ROFL. They make XP’s security (or lack there of) sound like a feature?
I am confused, which version of Windows is more secure?
XP’s security is dramatically better than that of any prior version of Windows (at least since 3.1), and if Fundamentals has Win9x-style requirements, it sounds like a good idea. Not everyone can drop Windows, you know.
Still, their suggested uses could be mostly accomplished by a Linux machine with Mono, though perhaps not as easily.
“XP’s security is dramatically better than that of any prior version of Windows”
Hm, I left my fresh install of Win 95/98 exposed to Internet for weeks and nothing bad happened.
Freshly installed Win XP got infected by some crap in 30 minutes.

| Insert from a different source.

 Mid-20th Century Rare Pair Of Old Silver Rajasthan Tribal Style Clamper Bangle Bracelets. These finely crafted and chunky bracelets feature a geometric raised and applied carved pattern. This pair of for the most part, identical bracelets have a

I heard that Sp2 is somewhat better, but anyway, you were too brave with your sentence
That’s an interesting comparison. And I bet a whole lot of people could truthfully say the same thing.

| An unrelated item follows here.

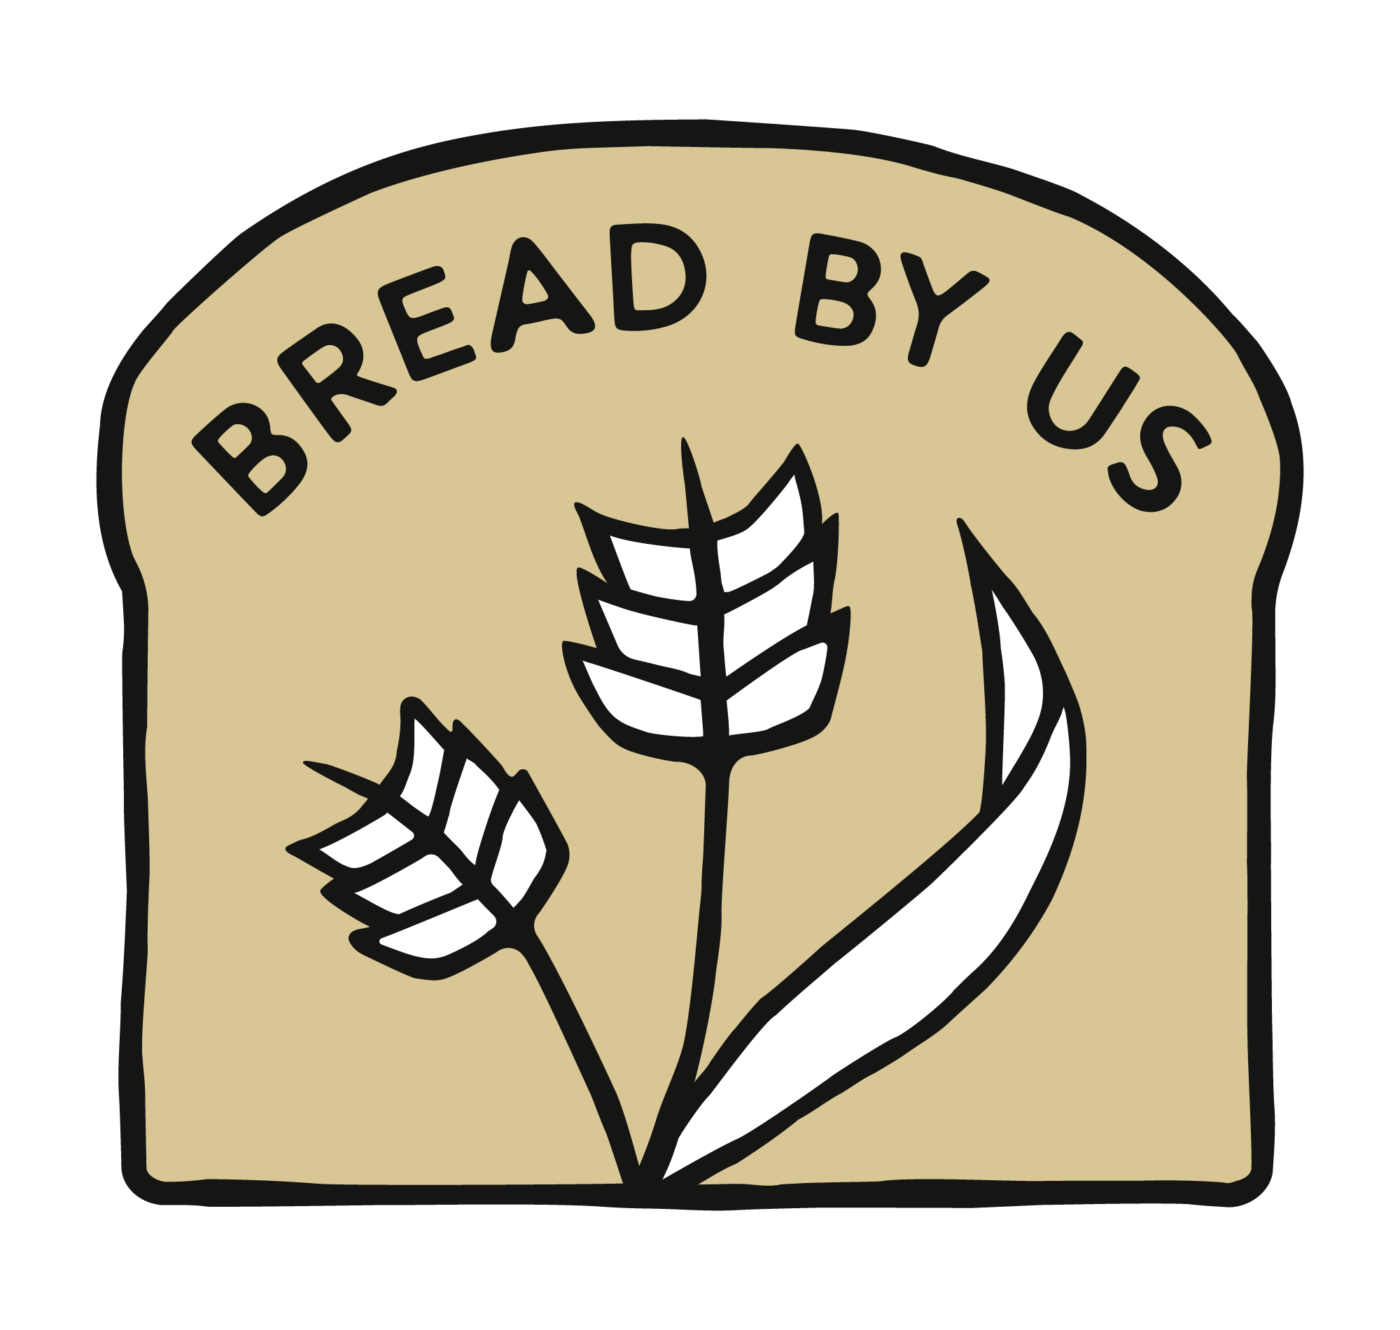 Bread By Us

But to be fair, let’s mention the obvious. The enemy has become as skillful, aggressive and hateful as the insurgents in Iraq.
Oh oh. I should be more clear. The enemy are the people creating viruses, etc.
Hm, I left my fresh install of Win 95/98 exposed to Internet for weeks and nothing bad happened.
Freshly installed Win XP got infected by some crap in 30 minutes.
That can’t be your only metric for measuring an OSes security. For example, in Win98 all users can read teh entire hard drive – there really is no concept of portected “user data”. That is a poor security implementation that was fixed in XP and yet has no impact on internet exploitability.
Some security issues are more important in corporate LAN situations, while other issues are more important to home users.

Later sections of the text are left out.